According to the process, an accurate database of the degree of carbon deposition in the engine cylinder is established in advance, and during subsequent use, the carbon deposition condition in each cylinder combustion chamber of the engine can be accurately diagnosed only by measuring the engine to be tested and comparing the measured engine with the database data, so that corresponding maintenance strategies are worked out, for example, light carbon deposition and medium carbon deposition can be removed by using an additive combustion mode, and heavy carbon deposition needs to be removed by disassembling the engine for cleaning and repairing.

The method has the advantages that different current signals are obtained to judge the carbon deposition degree of the engine combustion chamber by utilizing the fact that the reflected and diffused light rays irradiated inside the engine combustion chamber have different intensities when the carbon deposition degree in the engine combustion chamber is different, the judging process is rapid, fewer disassembled parts are needed, the diagnosis time period is short, and the flow is simple; as long as the number of fault models in the database is enough, the diagnosis efficiency is high, EMD noise reduction processing is performed before comparison of current signals, the signal precision is better, a double-limit error comparison effect is adopted during comparison of the current signals, namely, the maximum value and the minimum value are respectively compared, and two comparison results are processed by a mathematical method, so that the accuracy of the comparison results is high, even if the result measured in a certain Sm time period is not accurate enough, for example, the maximum value of S3- [ Imax-x, Imin-x ] data in the experiment is slightly larger than that in other time periods, the data results are still correct after multi-section comparison and proper combination processing of the comparison errors are adopted, and therefore, the diagnosis accuracy is also high.

In the actual diagnosis process, the rotating speed of the engine in the data acquisition time period fluctuates, and the rotating speed in each test cannot be completely equal, but the diagnosis method segments the data, and detects the maximum value and the minimum value of the circuit in each segment, so that the fluctuation of the rotating speed only influences the current fluctuation frequency in the segment, the influence on the peak value and the trough value of the current is almost zero, and the fluctuation can be ignored, therefore, the diagnosis method has better practical application value, and the accuracy of the calculation result can be higher as long as the ignition duration is long enough during diagnosis; the requirements on diagnostic personnel are not high, and ordinary maintenance personnel and even automobile drivers can easily master the use method.

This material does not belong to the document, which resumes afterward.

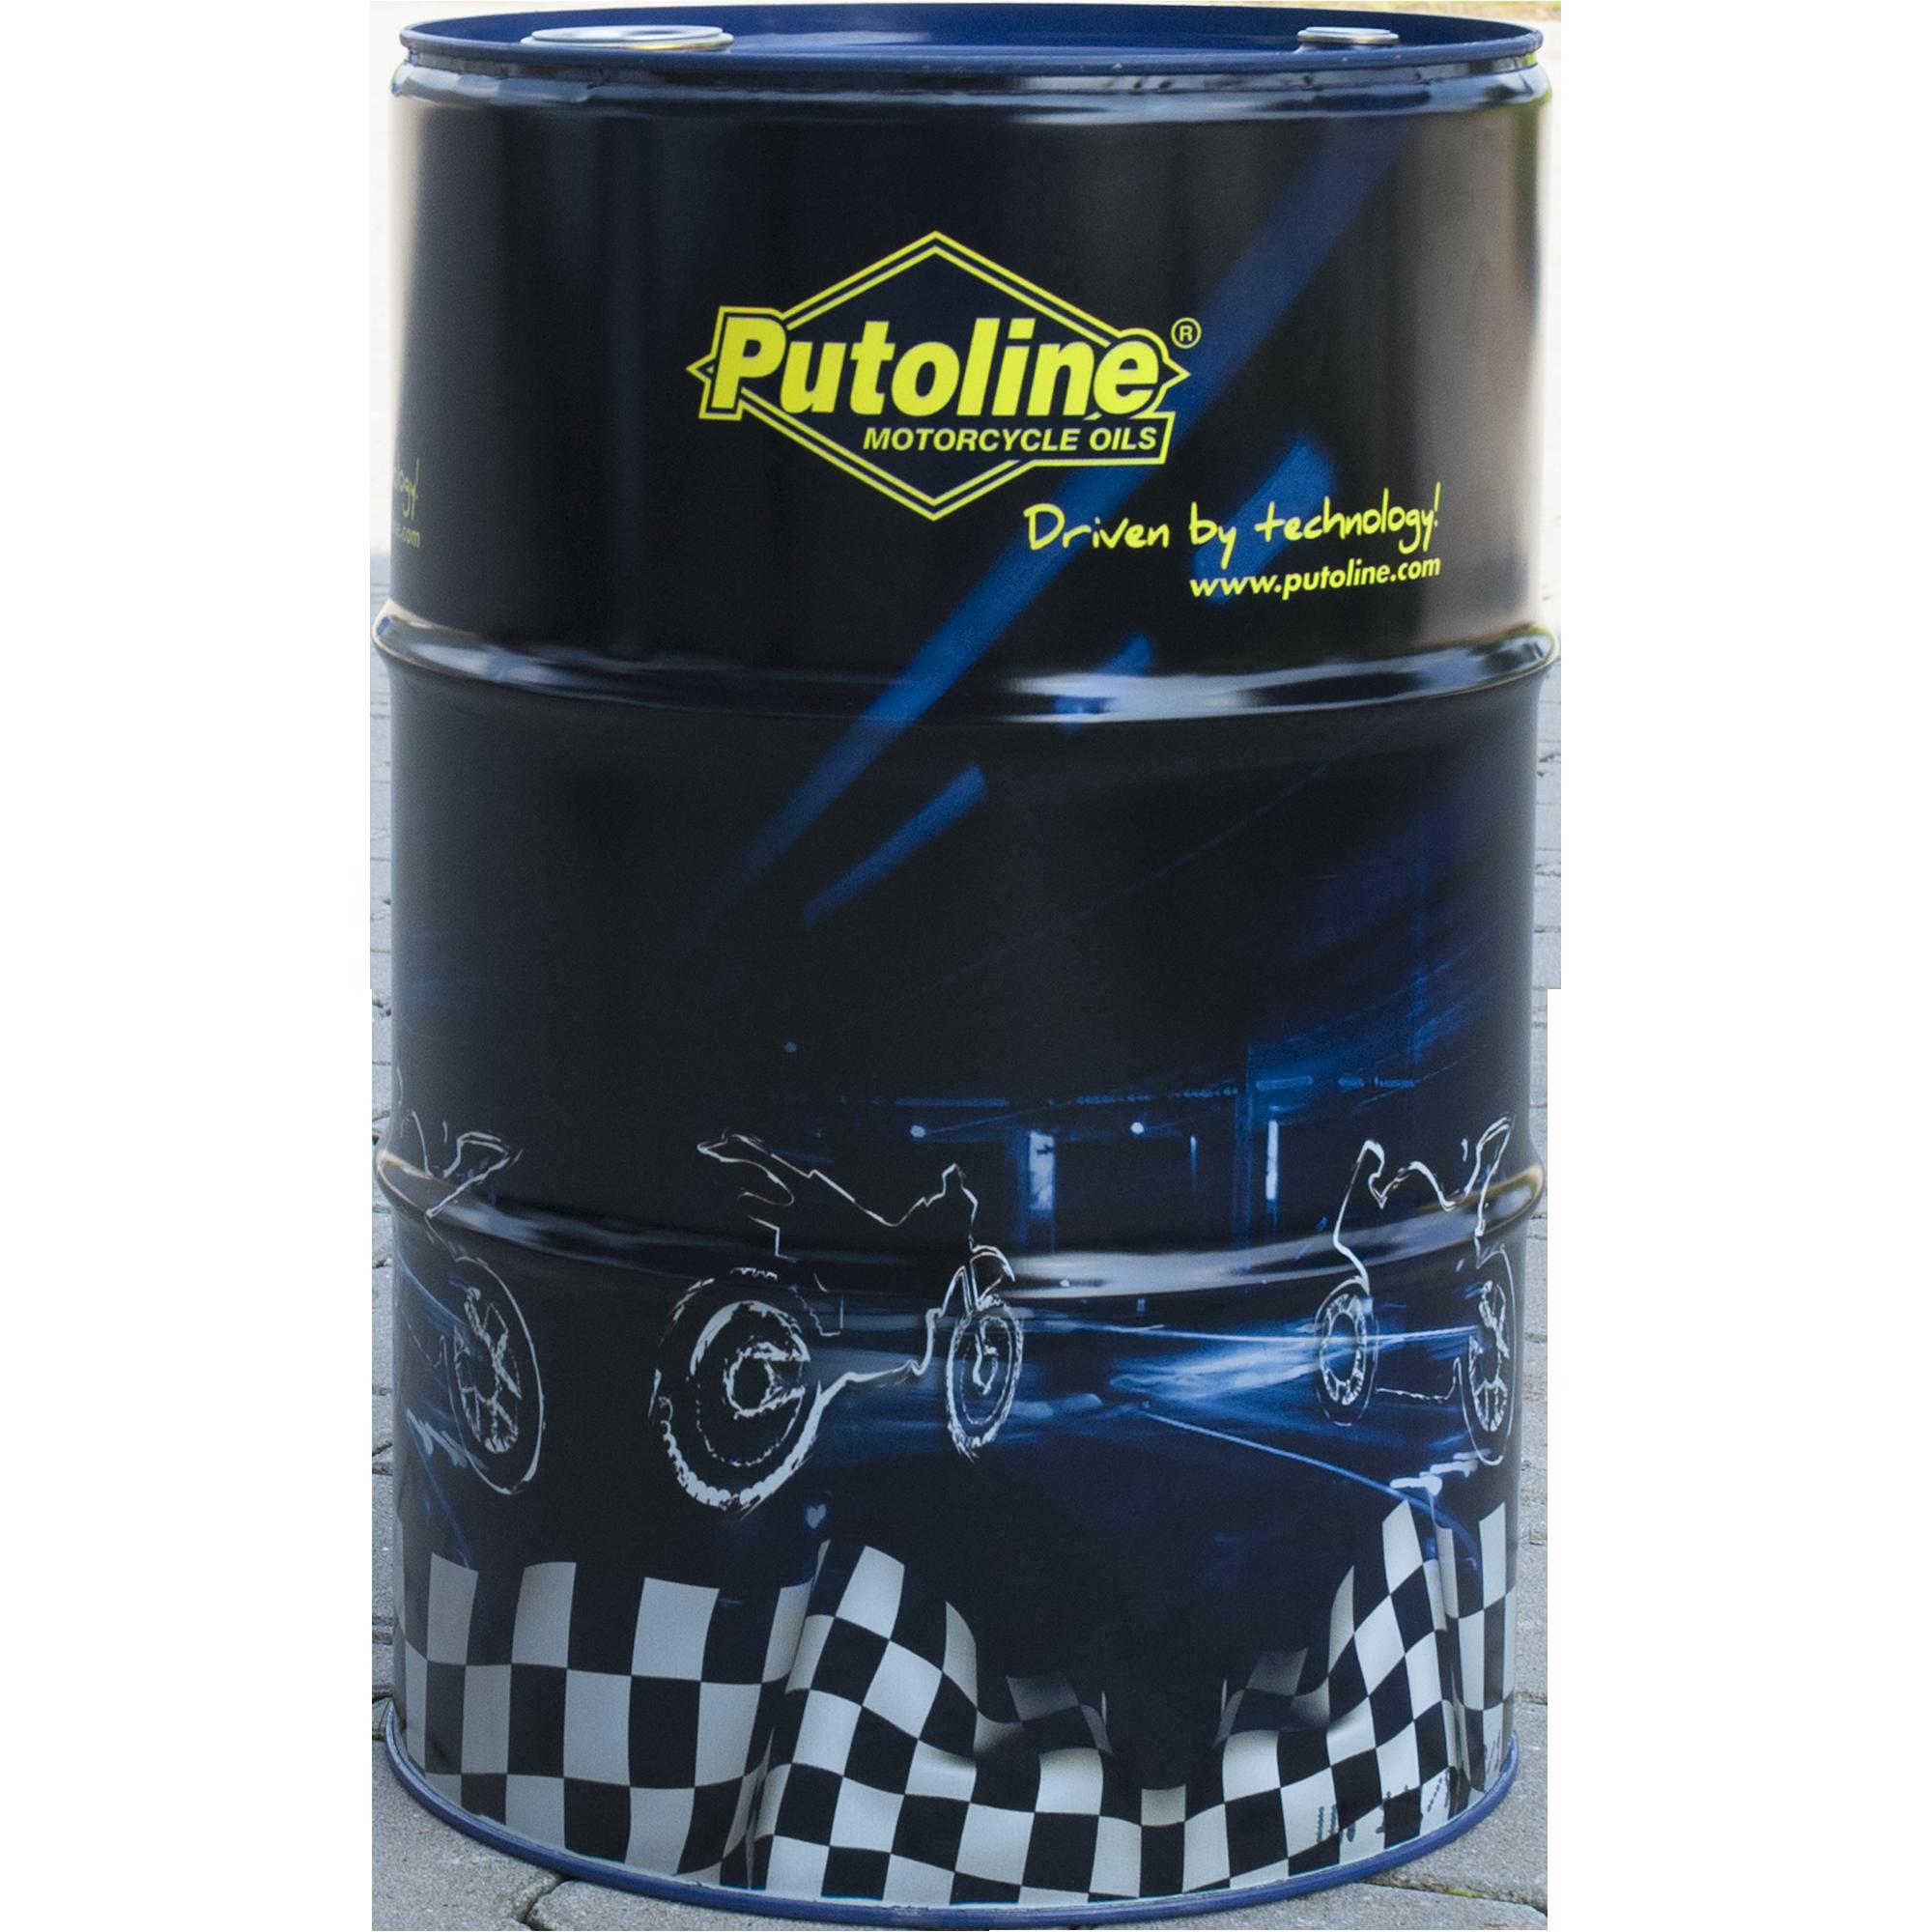 Putoline Motoröl Scooter 4T 5W-40 200L

In addition, it should be noted that some automobile engines are embedded with cylinder sleeves in detachable cylinder bodies, so that the replacement is convenient, if the cylinder bodies of the engines are not detachable, the cylinder bodies need to be ground in a test engine firstly, and then the cylinder bodies are put into the cylinder sleeves with corresponding sizes for training, and the two types of engines can be directly diagnosed.

According to the method for rapidly diagnosing the carbon deposition degree of the engine combustion chamber, the corresponding diagnosis device comprises a light source component and a photoelectric receiving component, the light source component comprises a plug rod 11, the shape of the plug rod 11 is consistent with that of an engine spark plug, external threads are arranged on the outer side face of one end of the plug rod 11, the plug rod 11 can be installed on a spark plug seat of an engine cylinder cover, the other end of the plug rod 11 is connected with an electric push rod 12 through a bolt or a buckle, an extension rod of the electric push rod 12 penetrates through a through hole formed in the axial direction of the plug rod 11, and an LED lamp 13 is adhered or welded at the end of the; the photoelectric receiving assembly comprises a hollow cylindrical support 21, and the outer side of the support 21 is provided with a thread matched with a spark plug seat; a photoelectric sensor 22 is arranged in a middle through hole of the support 21 and can be bonded or connected in a buckling mode; the end of the photoelectric sensor 22 extends out of the support 21 and enters the combustion chamber; the signal wire of the photoelectric sensor 22 extends out of the support 21 and is in communication connection with the microcomputer 24 through the A/D conversion module; the microcomputer 24 is also in communication connection with the control lines of the electric push rod 12 and the LED lamp 13 respectively; the microcomputer is also in communication connection with an OBD diagnosis interface installed on the automobile through an OBD special data line and reads the rotating speed of the engine in real time; the power lines of the microcomputer 24, the electric push rod 12 and the LED lamp 13 are respectively connected with the battery 14.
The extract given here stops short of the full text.